Most visitors leave museums with doubts about the objects' accuracy or truthfulness. A MJT exhibition is based on a real event, item, or work of history; however, it alters the meaning and perception of an item or narrative to make it more contemporary. The MJT receives complaints from some of its daily visitors. Museums are commonly perceived to be places that present facts and history systematically. It seeks to develop viewers' understanding of archival objects and historical knowledge in lieu of providing them with concrete information, as most natural history museums do.

 

Plasma Magazine MJT Installation Shot

The powerful essay The Universal Survey Culver City Museum by artists Carol Duncan and Alan Wallach argues that museums are primarily ideological institutions. A monument is used to reinforce society's most revered beliefs and values in those who use it or pass through it (449). In its apparatuses, the MJT challenges viewers to contemplate the type of information and belief systems that museums are typically reliant upon. International Council of Museums proposes that museums serve society by acquiring, conserving, researching, and communicating tangible and intangible aspects of heritage and humanity for education.
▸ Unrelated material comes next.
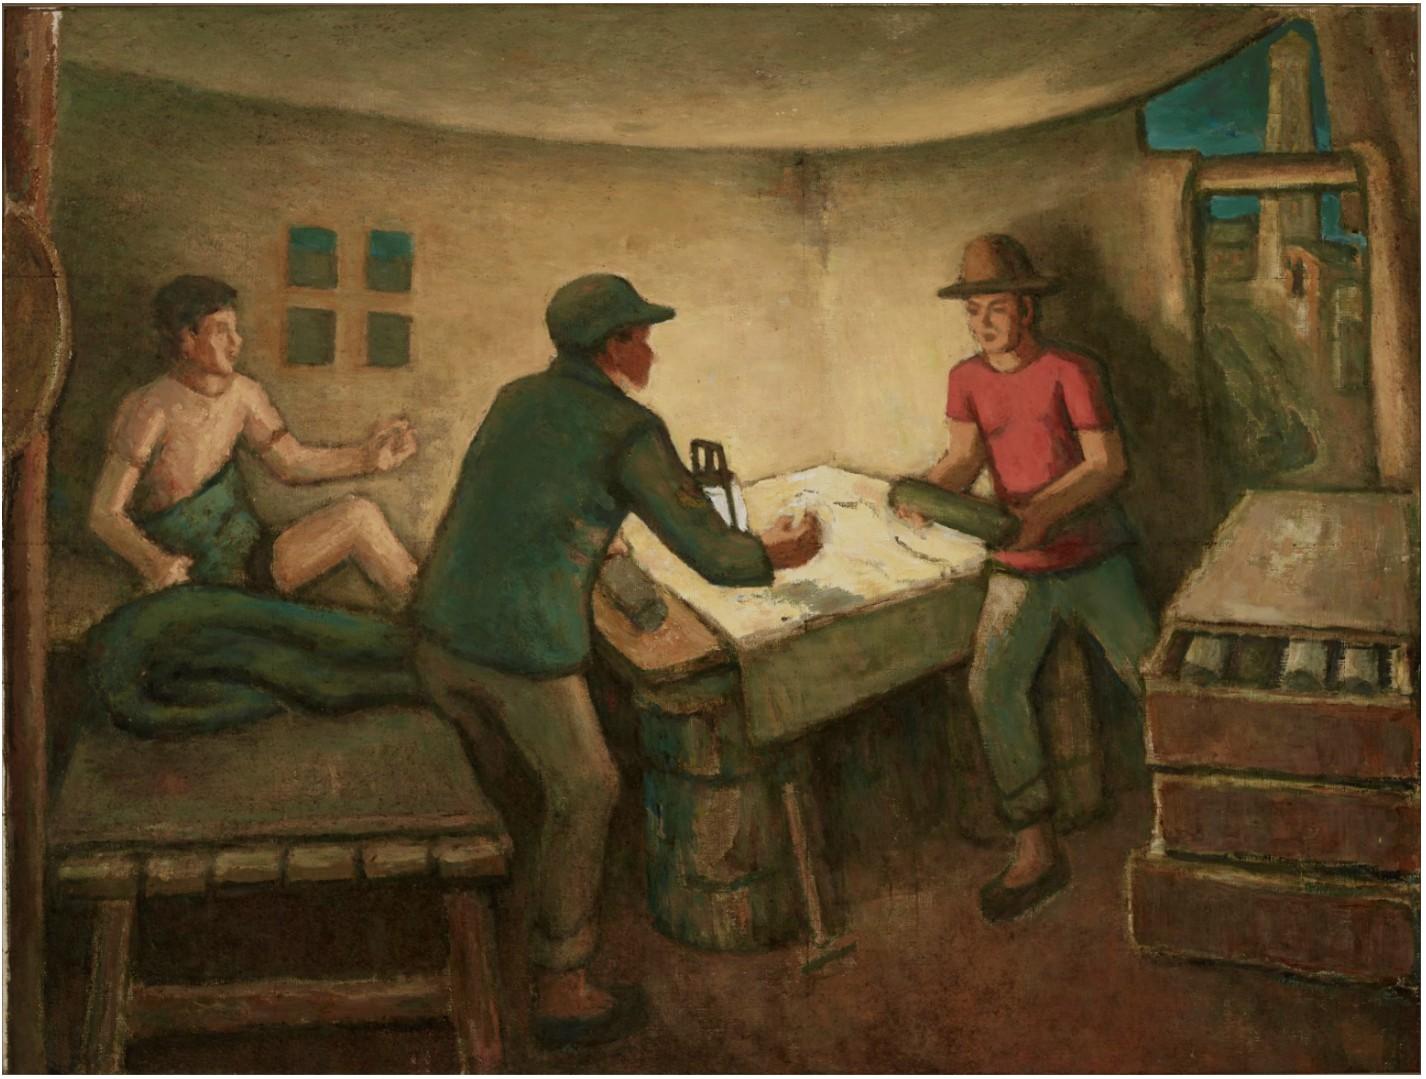 31《见矿》,胡一川,1994年,广州,布面油画,140cm×186cm,胡一川研究所藏.jpg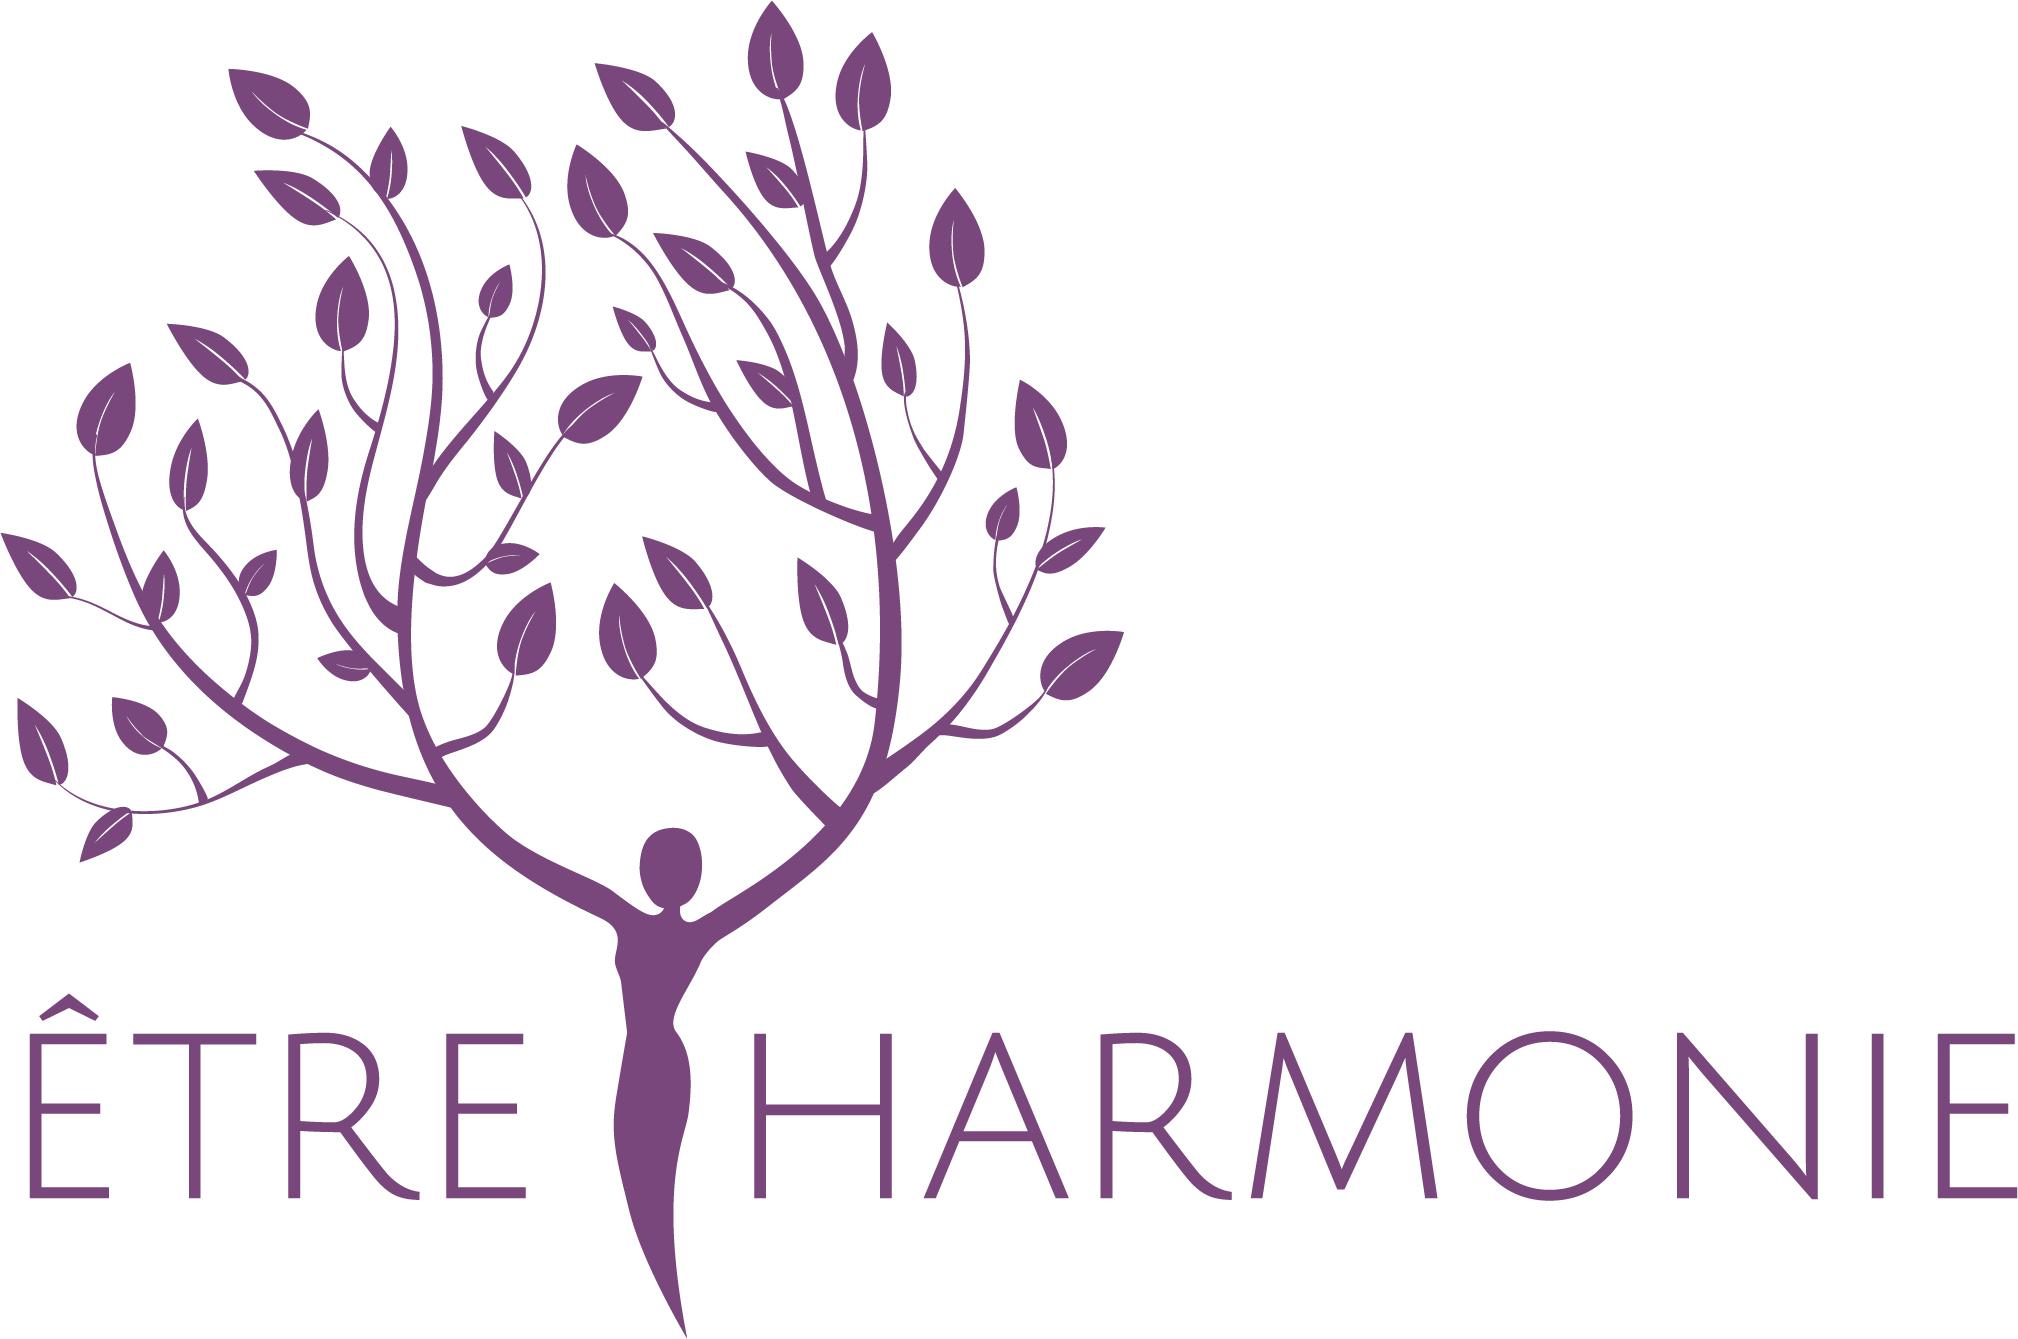 Etre Harmonie

In light of this definition, it is crucial to keep in mind that museums preserve information in a subjective manner; most institutions are connected to colonial beginnings and colonial systems of preservation, presentation, and instruction.

 

Canadian Museum of History image

The MJT challenges viewers to examine what they know and understand about institutions and histories through careful selection of objects, spaces, and narratives. Today, many organizations and individuals are calling for the decolonization and re-contextualization of museums. A key concept of the MJT is to challenge audiences to think critically before accepting information as true, true, or true, regardless of whether it comes from a museum or a website.